Elias Stein (1748–1812), an Alsatian who settled in The Hague, recommended the defence as the best reply to 1.d4 in his 1789 book Nouvel essai sur le jeu des échecs, avec des réflexions militaires relatives à ce jeu.

Black's 1... f5 stakes a serious claim to the e4 square and looks towards an attack on White's kingside in the middlegame. However, it weakens Black's own kingside somewhat, and does nothing to contribute to Black's development. As of 2006, the Dutch is unpopular in top-level play. It has never been one of the main lines against 1.d4, though in the past a number of top players, including Alexander Alekhine, Bent Larsen, Paul Morphy and Miguel Najdorf, have used it with success. Perhaps its high-water mark occurred in 1951, when both world champion Mikhail Botvinnik and his challenger, David Bronstein, played it in their World Championship.

White most often fianchettoes his king's bishop with g3 and Bg2; White may play g3 on the second move, but more common is to play c4 first.

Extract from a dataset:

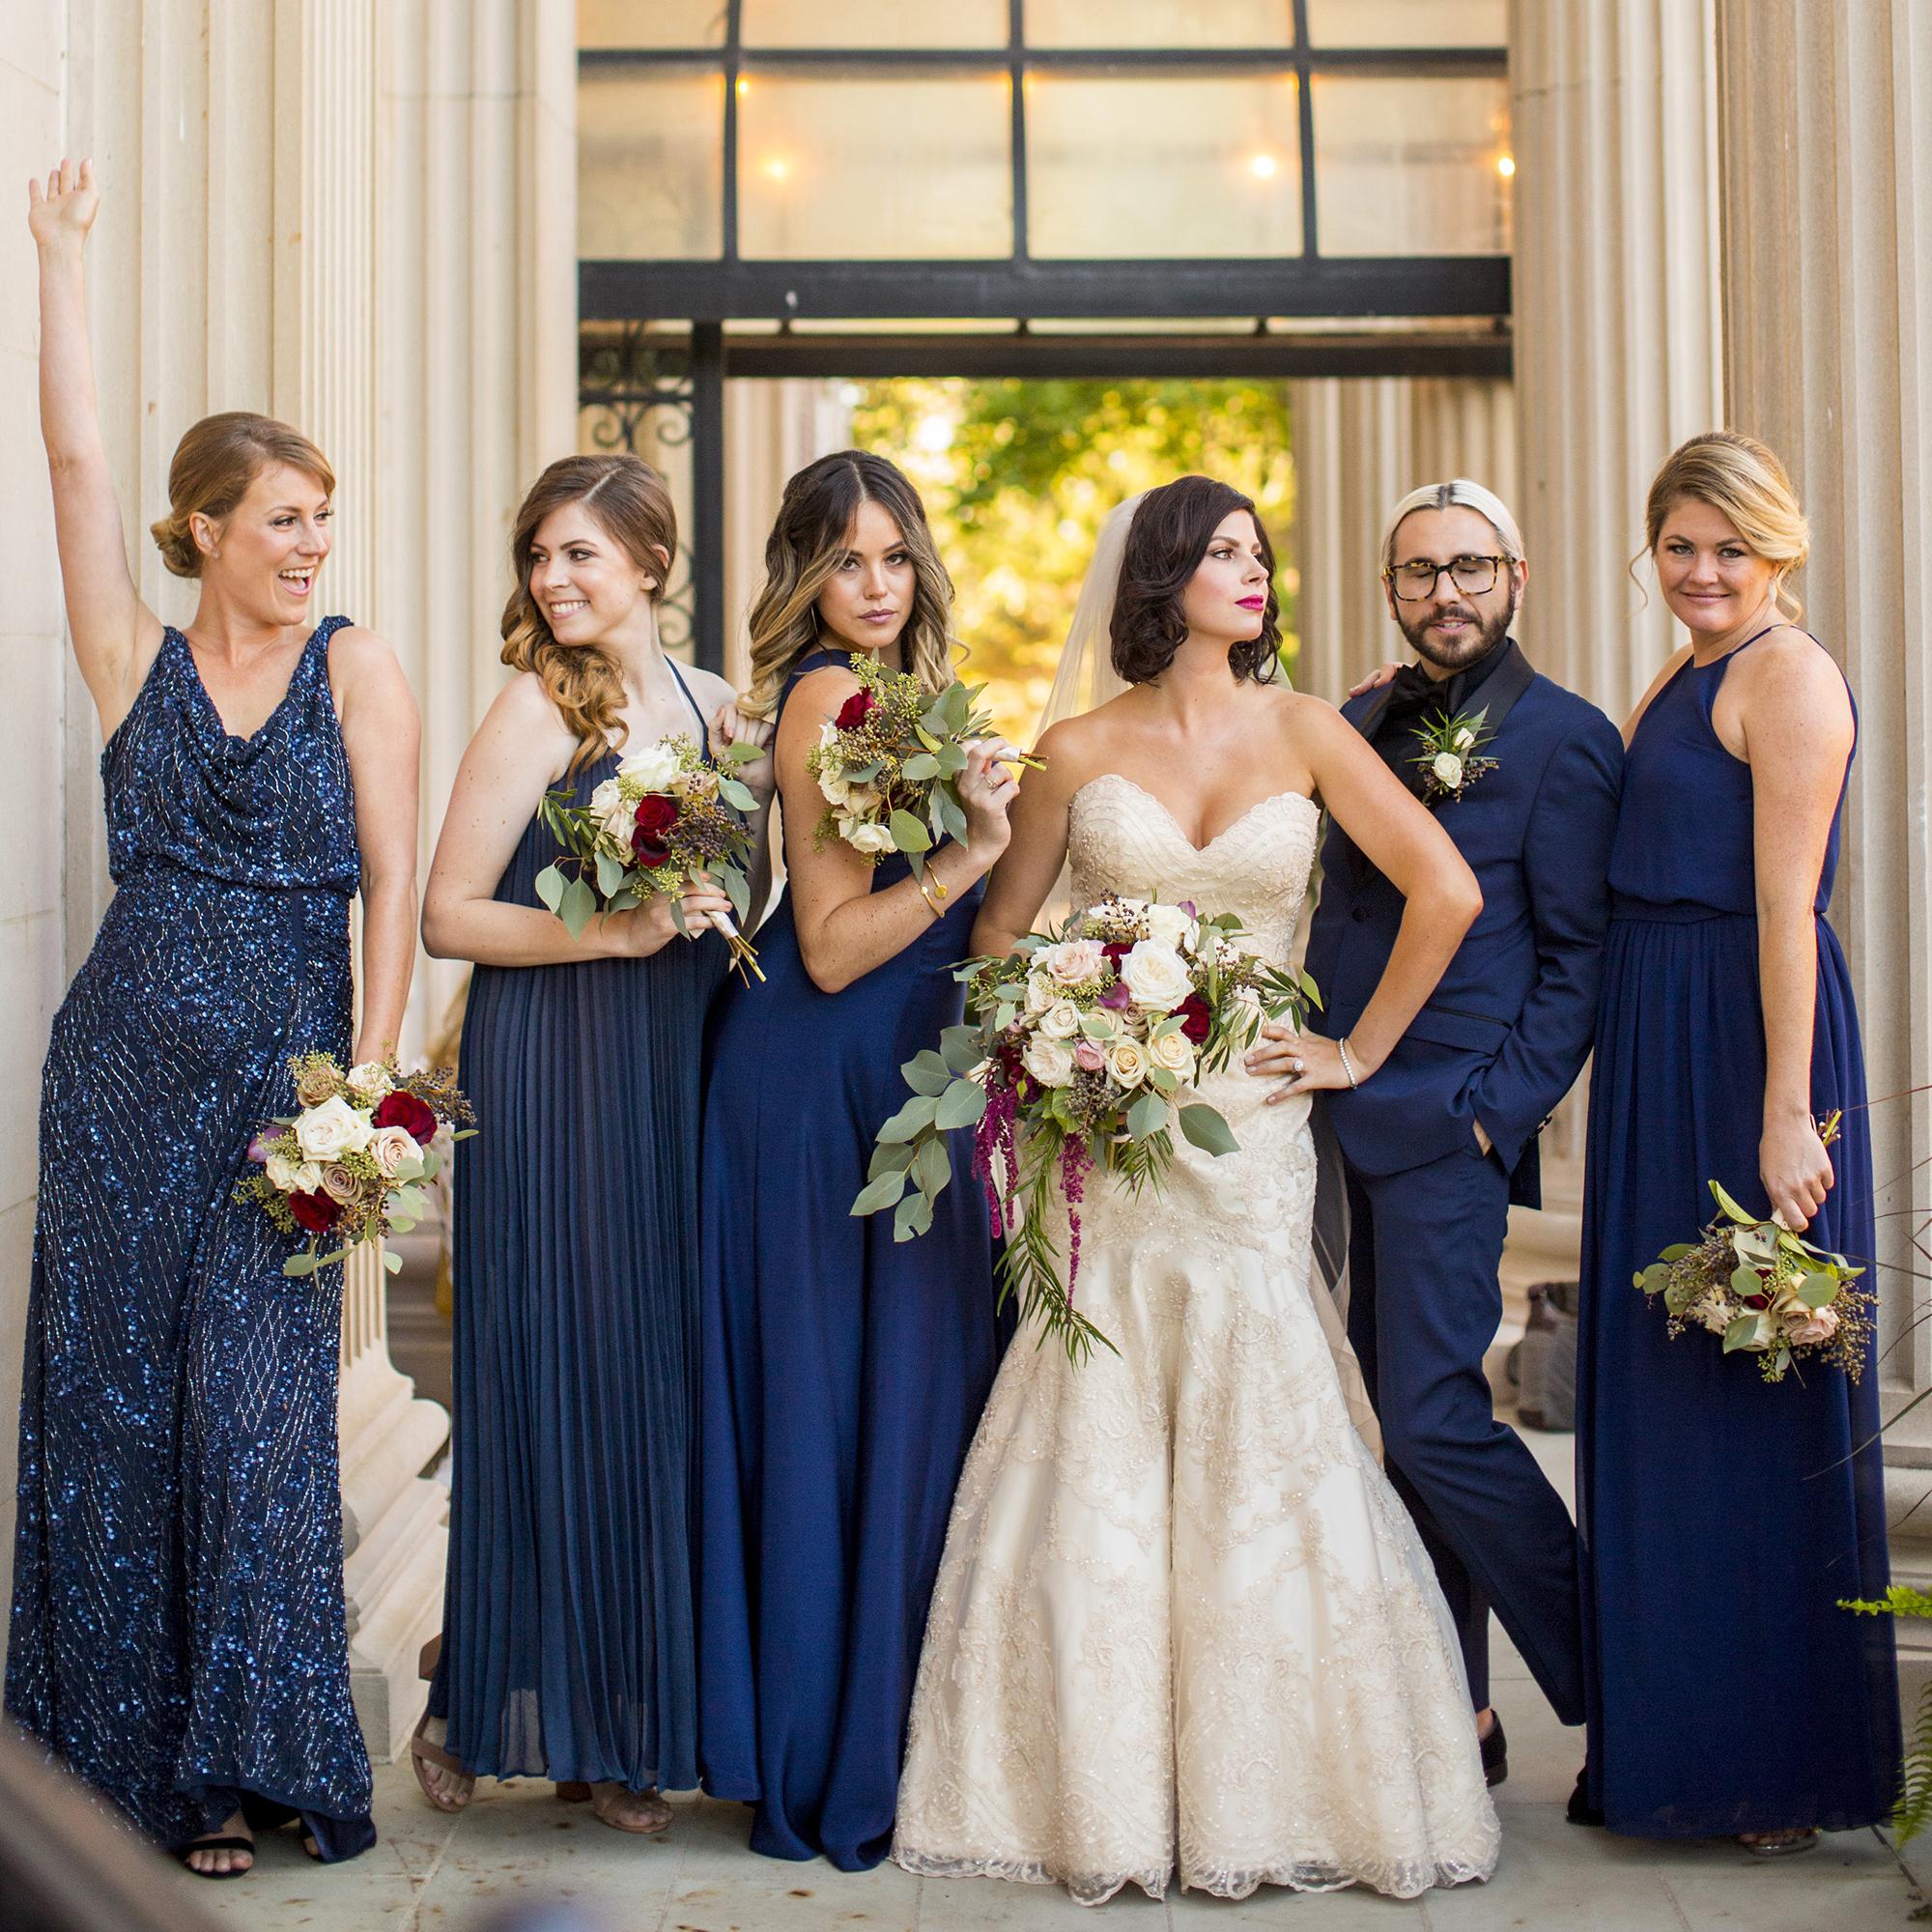 Seriously_Sabrina_Photography_Lexington_Kentucky_Wedding_Photographer_Boone874.jpg

Black also sometimes fianchettoes his king's bishop with ...g6 and ...Bg7 (the Leningrad Dutch), but may instead develop his bishop to Be7, d6 (after . . .d5), or b4 (the latter is most often seen if white plays c4 before castling). Play often runs 2.g3 Nf6 3.Bg2 e6 4.Nf3 (4.Nh3!? is also possible, intending Nf4-d3 to control the e5 square if Black plays the Stonewall Variation) Be7 5.0-0 0-0 6.c4 and now Black chooses between 6...d5 (the characteristic move of the Stonewall Variation), 6...d6, the Iljin-Zhenevsky System or Fluid System (less popular today), or Alekhine's move 6...Ne4!? retaining the option of moving the d-pawn either one or two squares.

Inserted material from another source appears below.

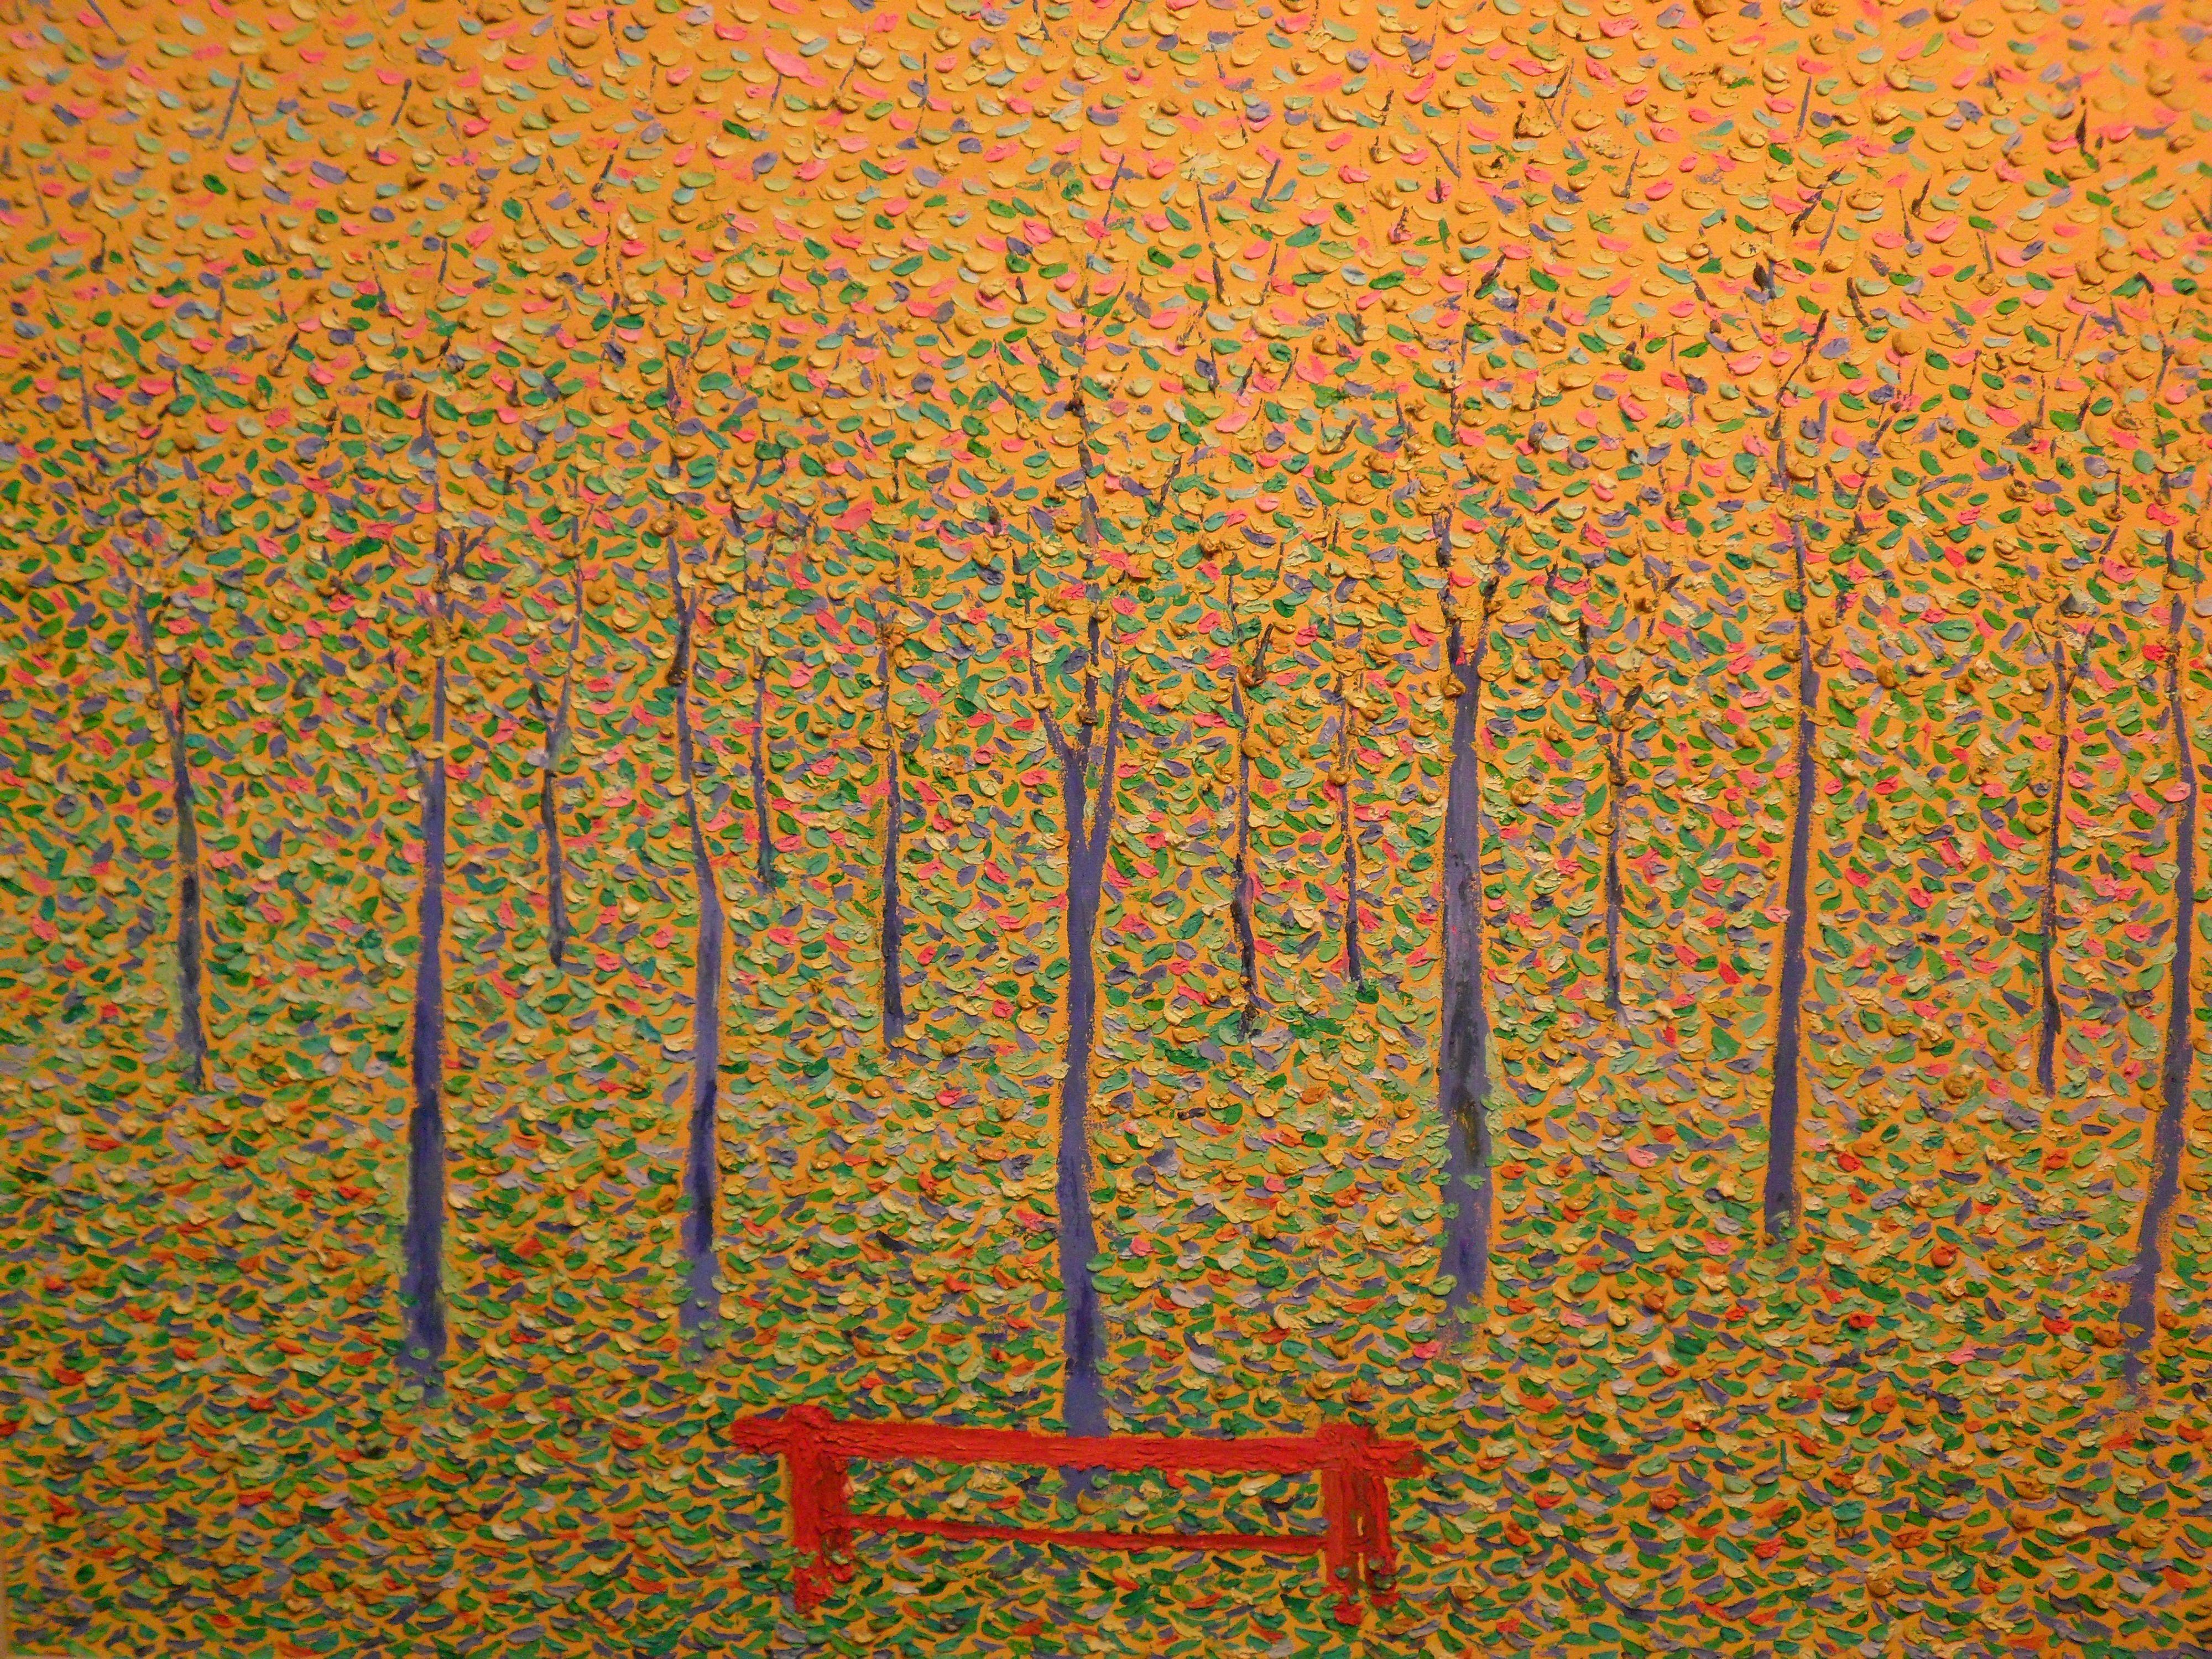 Seurat Pointillism Paintings | pointillism seurat | Pointillism ...

White has various more aggressive alternatives to the standard 2.c4, including 2.Nc3 d5 3.Bg5; 2.Bg5 (hoping for the naive 2...h6 3.Bh4 g5 4.Bg3 (4.e4!? is also playable) f4? 5.e3 fxg3?? 6.Qh5#); and 2.e4!?, the Staunton Gambit, named after Howard Staunton, who introduced it in his match against Horwitz. The Staunton Gambit was once a feared attacking line, but it has been out of favor for over 80 years. Grandmaster Larry Christiansen and International Master Jeremy Silman have opined that it "offers White equality at best." Staunton also introduced a completely different gambit approach to the Dutch, 2.h3 followed by g4, in his 1847 treatise The Chess-Player's Handbook. Viktor Korchnoi, one of the world's leading players, introduced the line into tournament practice more than a century after Staunton's death in Korchnoi-Känel, Biel 1979. GM Christiansen later concluded, as Staunton had done over 140 years earlier, that Black could get a good game by declining the gambit with 2...Nf6 3.g4 d5!

The opening's attacking potential is shown in the Polish Immortal, in which Black sacrificed all of his minor pieces.